Шрифт:
Интервал:
Закладка:
Много сведений уплывало к японцам из-за нашей болтливости, неумения сохранять военную тайну непосредственно из штабов, наводненных иностранными военными агентами и китайской прислугой.
В то же время в японских штабах данные о русских собирались скрупулезно и все держали в тайне, даже от таких доброжелателей, как Гамильтон. Если иностранный военный агент считал русские силы по количеству сотен, батальонов, забывая, что эти сотни и батальоны далеки от штатного состава, то японцы этот счет вели по шашкам и штыкам. Не доверяли японские штабисты иностранным военным агентам и сведения о численности своих войск, потерях и тем более о намерениях. Как уплывали важные сведения из русского штаба, хорошо описал АЛ. Игнатьев в книге «Пятьдесят лет в строю».
А вот что писал Эллис Бартлетт, английский военный агент, находившийся при армии Ноги, в своем труде «Осада и сдача Порт-Артура»: «Японцы обладали удивительной способностью скрывать свои силы. Если бы меня спросили в любой период осады, сколько у японцев войск под Порт-Артуром, я не мог бы ответить даже приблизительно.
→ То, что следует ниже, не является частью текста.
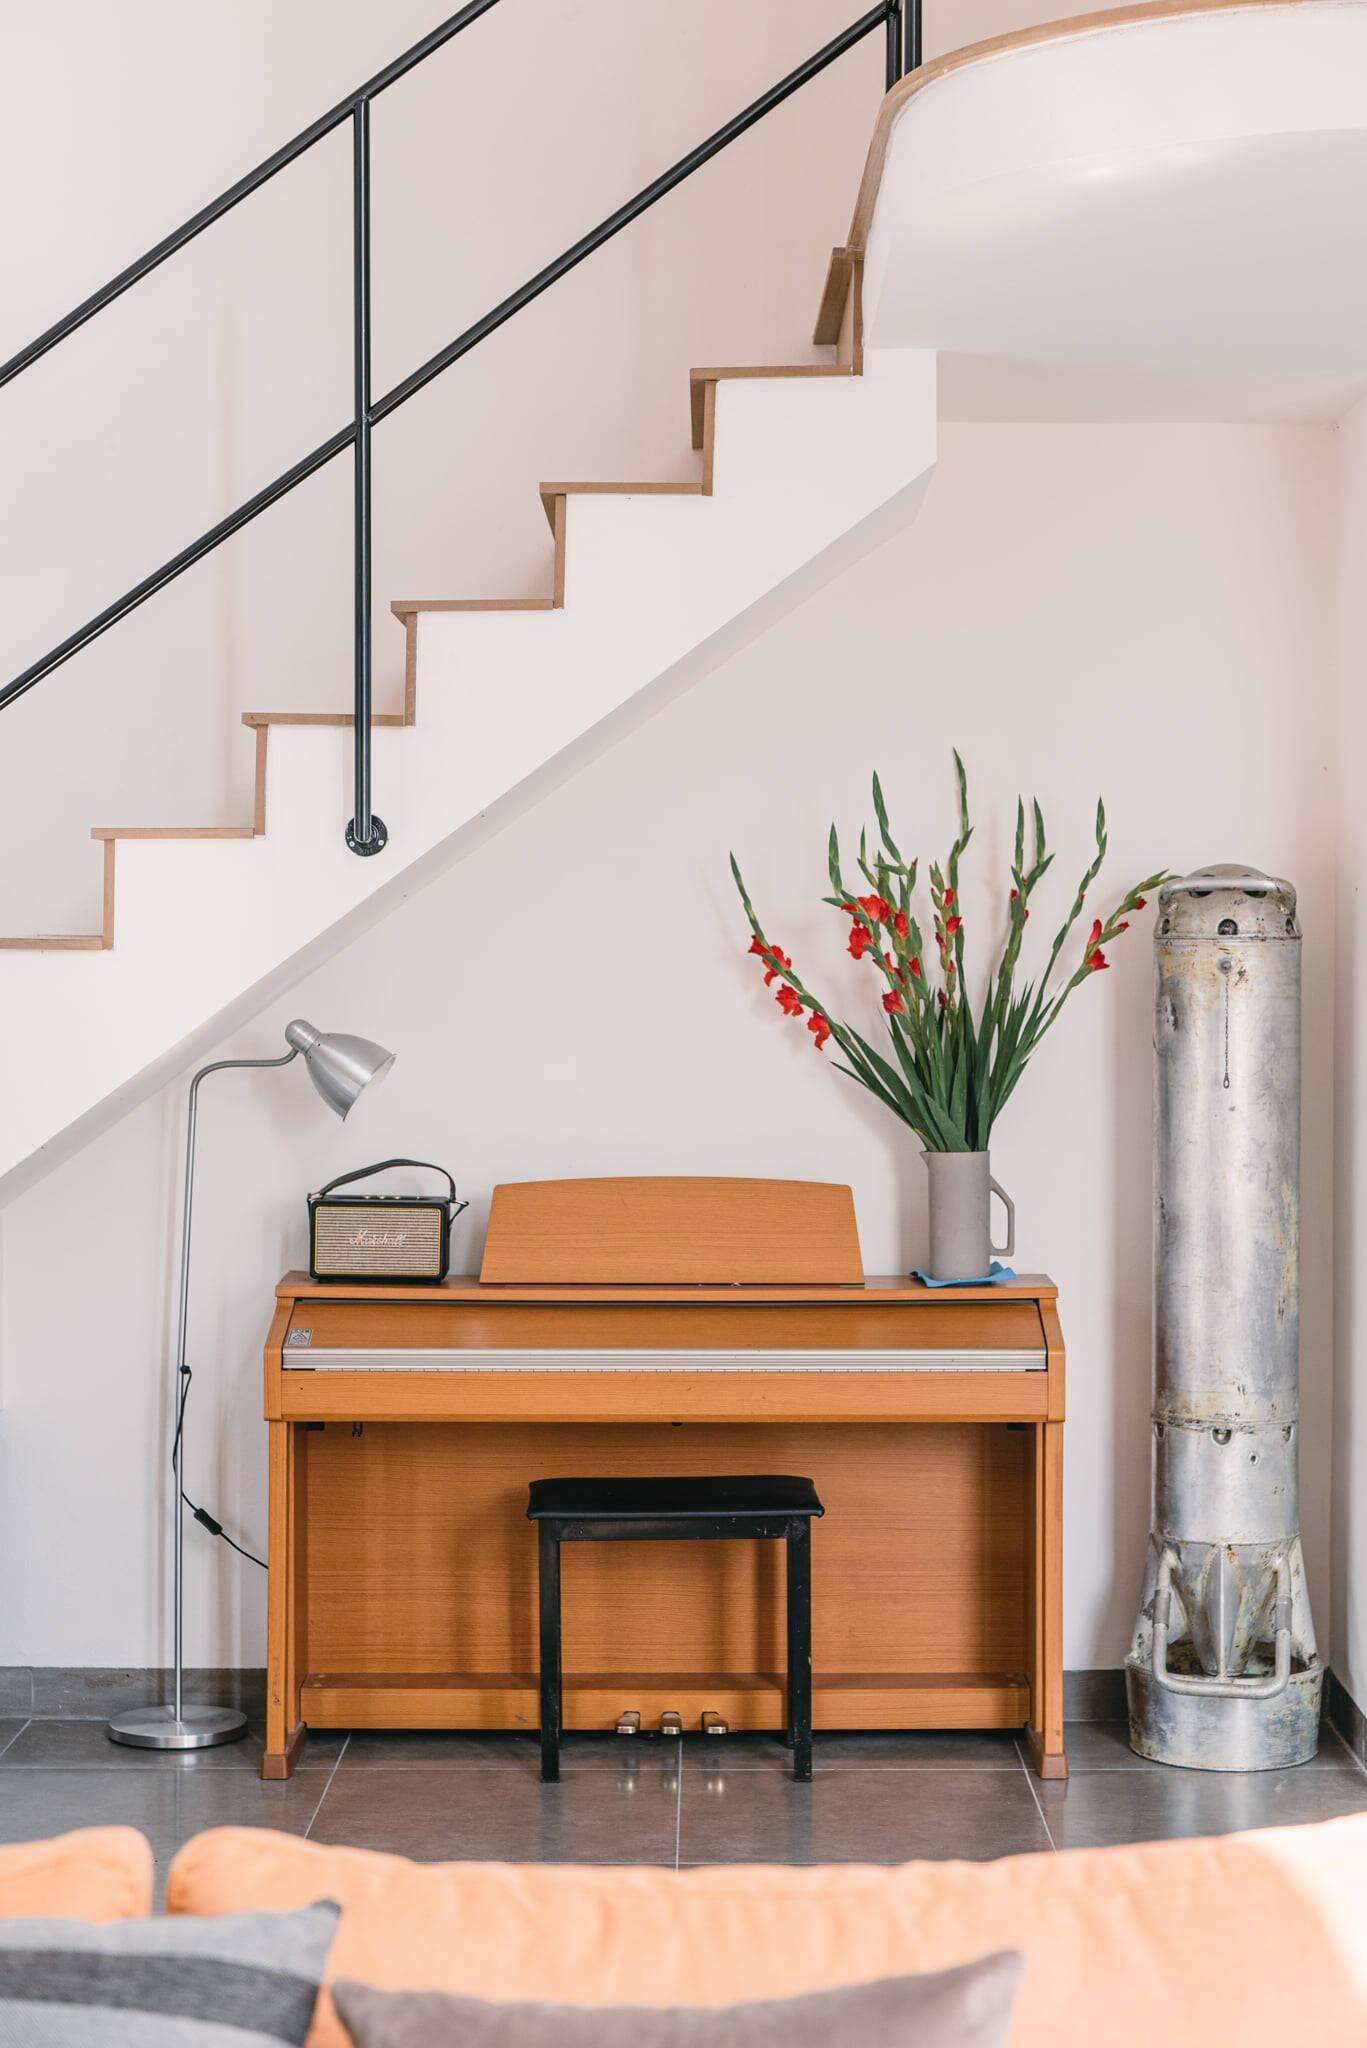 Khu vực giải trí với đàn piano cùng các đồ vật trang trí yêu thích của gia chủ

Я знал наперечет все дивизии, бригады, полки, но когда дело доходило до определения численности, я мог указать только их мирный состав».
Можно с большой уверенностью сказать, знакомясь с документами тех лет, что вся глубинная разведка в Русско-японской войне велась за счет китайских агентов.
Любой русский разведчик, проникнув с огромным трудом в расположение японцев, всегда расстреливался. Всю Россию обошла весть о русском солдате Рябове, который, переодевшись в китайца, ушел в тыл к японцам, был пойман и принял геройскую смерть, чем восхитил уважающих храбрость японских солдат и офицеров.
Другое дело японец — прицепив косу и выбрив лоб, зная чуть-чуть китайский язык, нравы и обычаи местного населения, он легко мог сойти за китайца и разгуливать, пользуясь беспечностью и незлобивостью нашего солдата, по расположению русских войск, торгуя курами и чумизными лепешками.
В Русской армии в разведку к японцам шли добровольцы. Среди офицеров казачьих частей считалось особой доблестью участвовать в разъезде, отправляющемся в глубокую разведку. При этом никакого вознаграждения они не требовали, а честно и добросовестно выполняли свой долг, руководствуясь только одним принципом — «надо».
Критики казаков, такие, как Э. Тетгау, Л. Нодо, Гамильтон и другие, уже названные и не названные мной, осуждали казаков не только за «неумение вести разведку», но и за «неумение действовать в конном строю».
Но о каком конном строе могла быть речь при боях на такой местности, о которой уже упоминалось? Разве можно было атаковать «лавой» по глубокому ущелью, пересеченному множеством ручьев и речек, дно которых покрыто камнями, и лошади могли идти по воде только осторожно и медленно, нащупывая себе дорогу!
При всех недостатках, имевшихся в казачьих частях и выявившихся в ходе боев на перевалах и отступления к Ляояну и Мукдену, они со своей задачей справились. Большего требовать от них было нельзя.
Казачья бригада генерала Мищенко располагалась на отдыхе за Ляоянскими позициями. Люди и кони отдыхали, казаки сменили истрепавшееся обмундирование на новое, готовились к предстоящим боям.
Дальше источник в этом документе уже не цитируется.